= Landslip Hill =

Landslip Hill is located on the boundary of Southland and Otago, in the South Island of New Zealand, between Tapanui and Pukerau. It is a debris flow feature associated with the Manuherikia Group of fluvial quartz sandstones. Geologists have described the fossil-bearing rocks as forming part of a sequence of "siliclastic fluvial deltaic sands, conglomerates and silty clays".

==Fossil beds==
The formation is well known to botanists for its prominent plant fossils of Late Oligocene to Miocene age. The first collection was made at Landslip Hill in 1862 while Sir James Hector was the director of the Geological Survey of Otago. Hector returned to the Landslip Hill deposit in 1869 to make further collections, and in 1884 he proposed the name 'Landslip Hill beds' for the quartz arenite, which is now regarded as being related to the Gore Formation following the work of Lindqvist (1983) and Pocknall (1982). "The plant remains include uncompressed three-dimensional logs, stems, roots and rootlets, and a variety of fruits, some of which can be assigned to modern New Zealand taxa, and others which are no longer present in the local flora". Recent finds include fossils of the genus Casuarina.
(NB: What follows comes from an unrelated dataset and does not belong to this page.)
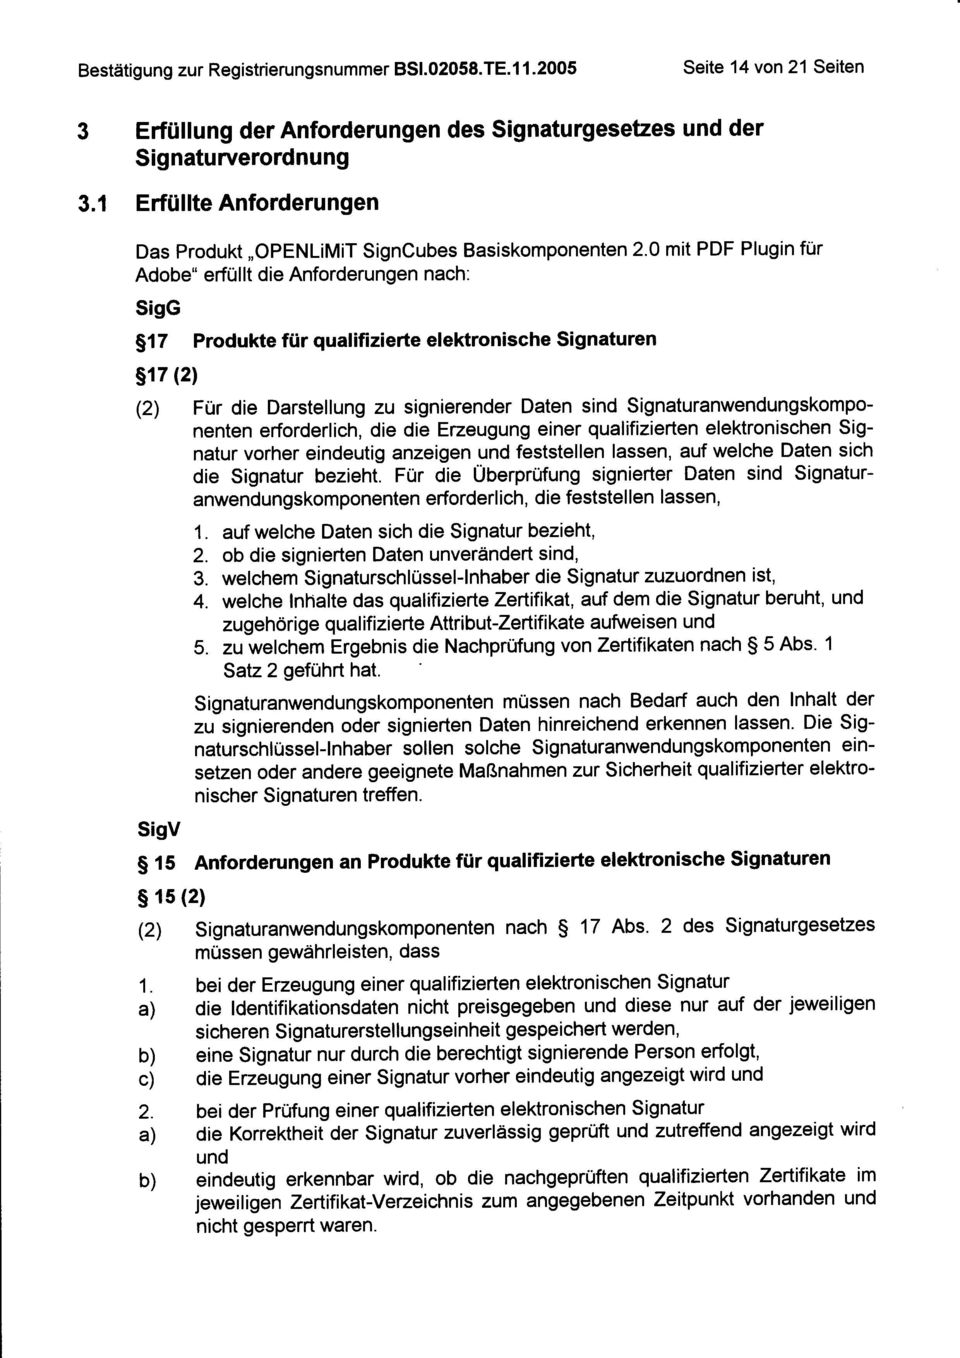 0 mit PDF Plugin für Adobe" erfüllt die Anforderungen nach: SigG 517 Produkte für qualifizierte elektronische Signaturen s17 (2) (2) Für die Darstellung zu signierender Daten sind

== Claims of impact origin ==
Some have claimed that Landslip Hill is an impact crater; but reliable sources categorically deny this. Duncan Steel, of the Anglo-Australian Observatory and the University of Adelaide, has suggested that the feature is the remnant of a bolide (asteroid or comet) impact that occurred about 1200 CE. Steel supports his hypothesis with a Māori lament that, he claims, centers on raging fires from the sky, accompanied by tempestuous winds and upheavals in the earth. Others have described the feature as "600 by 900 meters wide and 130 meters deep, and surrounded by a zone of fallen trees, 40 to 80 kilometers wide, dating from eight centuries ago".

However, James Goff, Keri Hulme and Bruce McFadgen, after considering the arguments put forward by Steel and others, find 'no evidence, either Maori or geological, for a 15th-century meteor impact in New Zealand'. They make the point that 'invoking legends or particular translations of Maori place-names to "fit" a known event must be undertaken with considerable care and suitable provisos', and characterise this type of reasoning as 'attempts to creatively rewrite New Zealand's cultural and tectonic past'. They also deal with the Māori lament quoted in Steel & Snow, disputing both his translation and his interpretation.